Hope…there is hope for recovery.

I know this. I want to share this message with the world. I spent years of my life held prisoner by the lies and intrusive thoughts of anorexia and bulimia. I no longer live in this place and I want you to know that there is hope for recovery. How, may you ask, is this possible? This is a question that only your journey to recovery will reveal to you. However, there are valuable tools that we all can share to uplift one another along our own journeys. 

Along my journey, I learned to look into the deepest parts of myself to begin to heal. I learned coping skills to help manage the feelings that would arise. Many of the tools I found turned out to be tools and creative outlets that I will continue to carry with me throughout my life. 
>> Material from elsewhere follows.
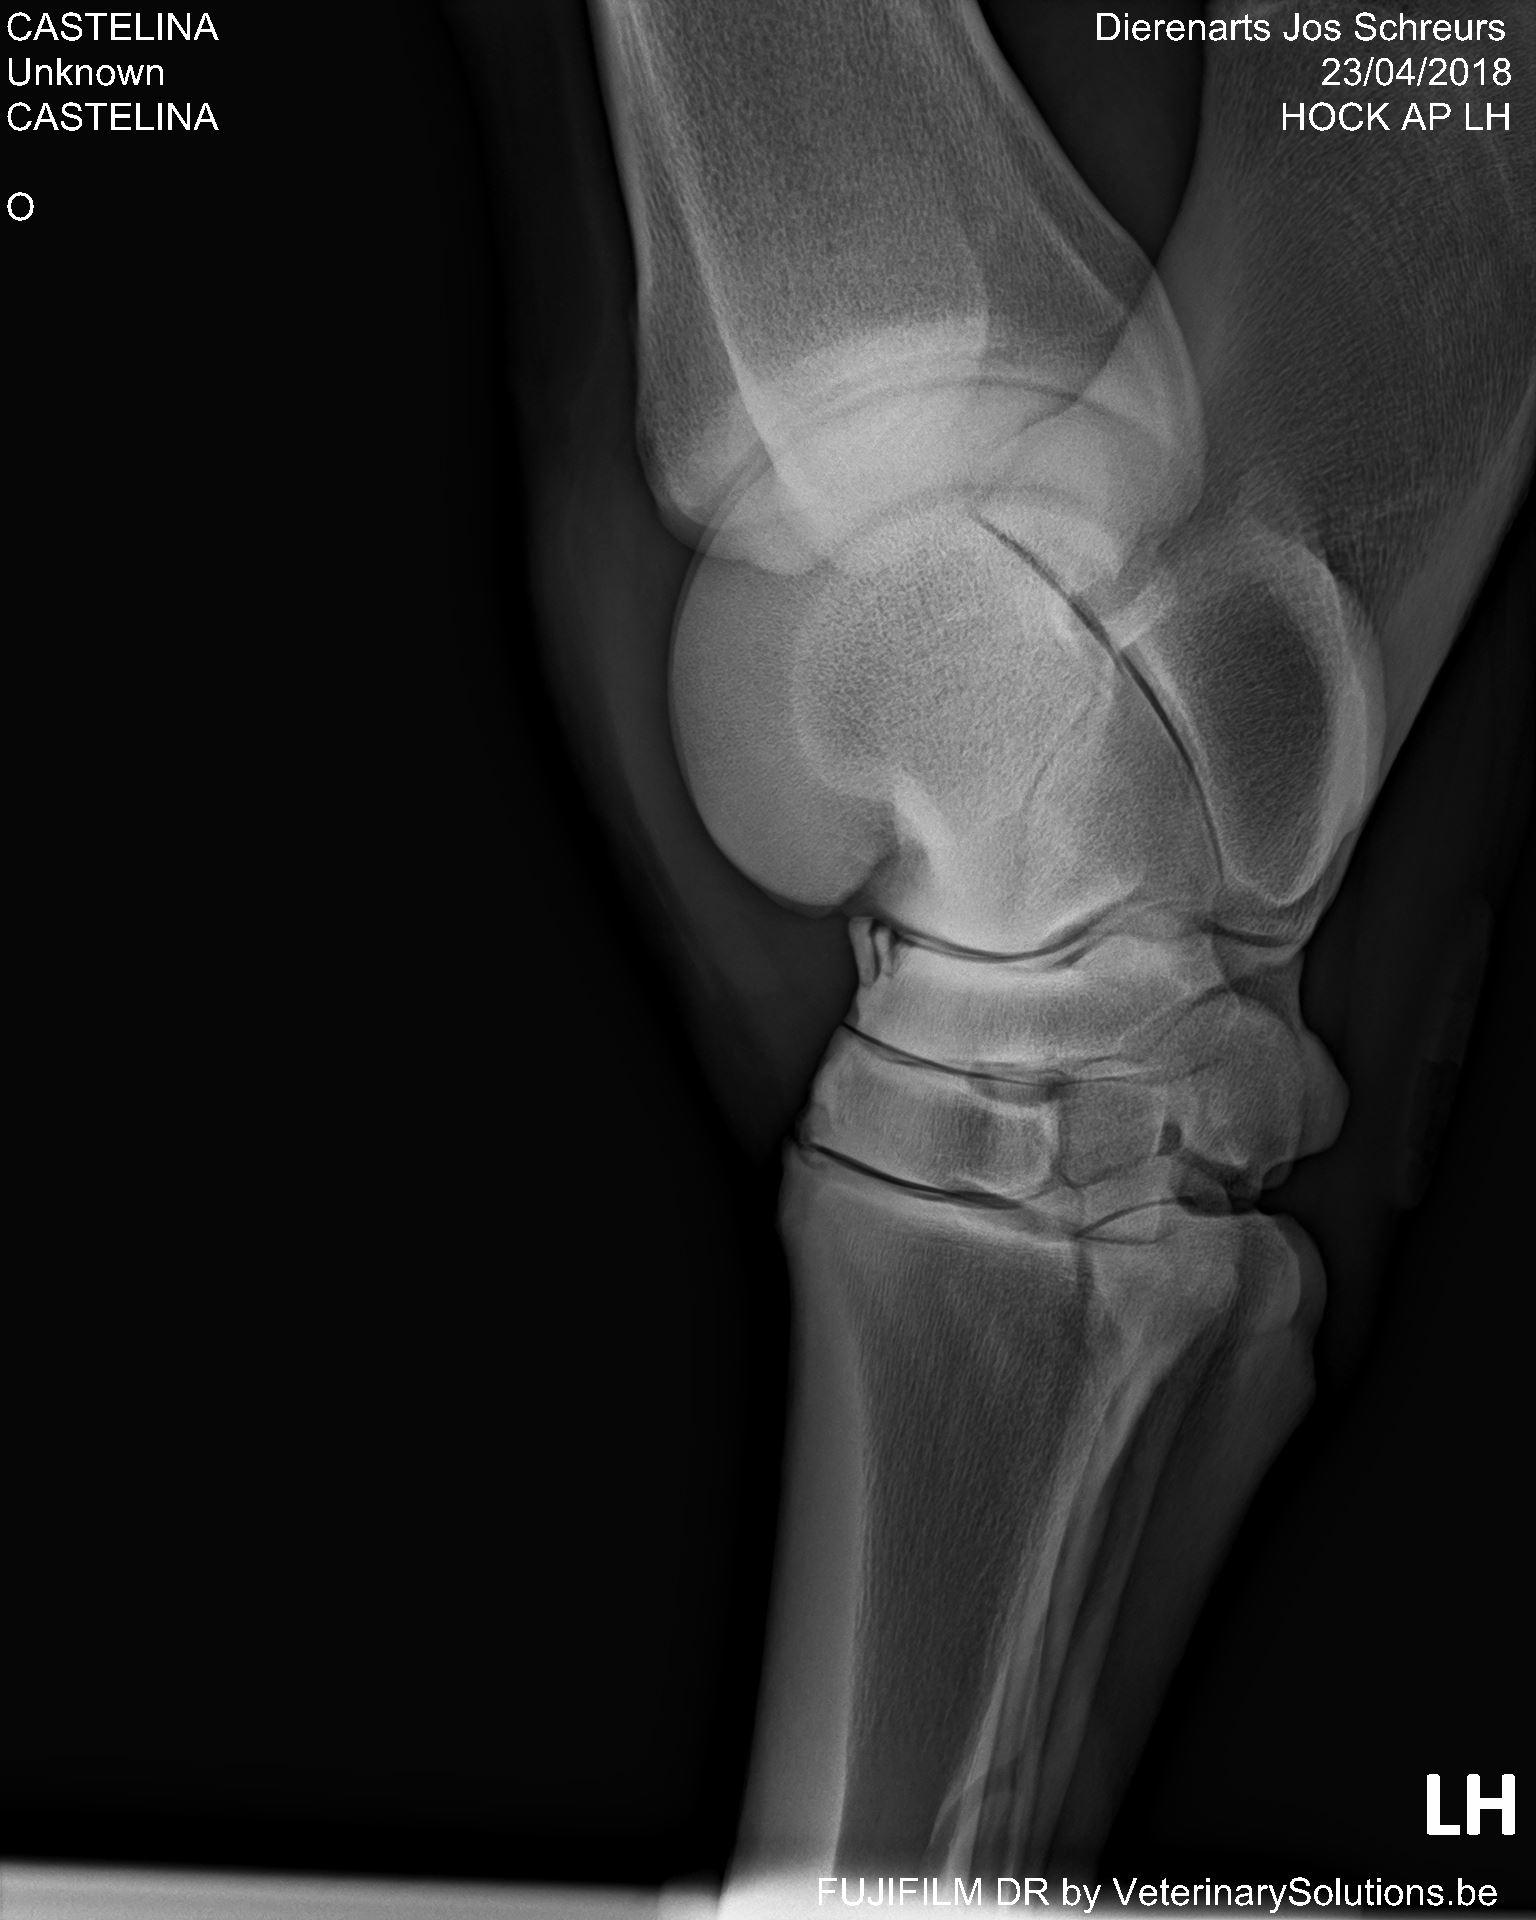 Fracture d'avulsion avant os tarsi central dans l'articulation du jarret du cheval

Photography is one of the many tools that I discovered during the early stages of my recovery. I was searching for a creative outlet that would allow me to not escape my feelings, but rather separate myself from the eating disorders and actually feel. I no longer wanted to numb my feelings. I no longer wanted to be defined by the eating disorder. After all, I was not my eating disorder.

I now know that I am a teacher, a writer, a loved one, a friend, and many other things in this world. I believe in kindness toward all beings. I have talent and compassion that I want to share with this world. I am not my eating disorder. 

During the early stages of recovery, I was not able to recognize this. So, as I said, I was searching for ways to separate myself from the eating disorder. I found that I really enjoyed being out in nature and  the grounded feeling of retreating to the outdoors. It was peaceful. It helped to quiet the intrusive thoughts of the eating disorder and the lies that it told me. 

I asked myself, how could I find a way to artistically express myself while being outdoors? It was then that photography came to me. I could be out in nature and take photographs of some of the amazing places that I would discover. I would photograph images that moved me and evoked emotions that I needed to feel. I would photograph images that allowed me to recognize the beauty of nature again and feel connected to the earth. 

So, I began to photograph images in nature. I began to retreat more and more often. Some days this meant only out into the front yard. That was ok, because the grass was green, the sky was blue, and I was learning to find the beauty and appreciation of nature again, while also beginning to search for this in myself. 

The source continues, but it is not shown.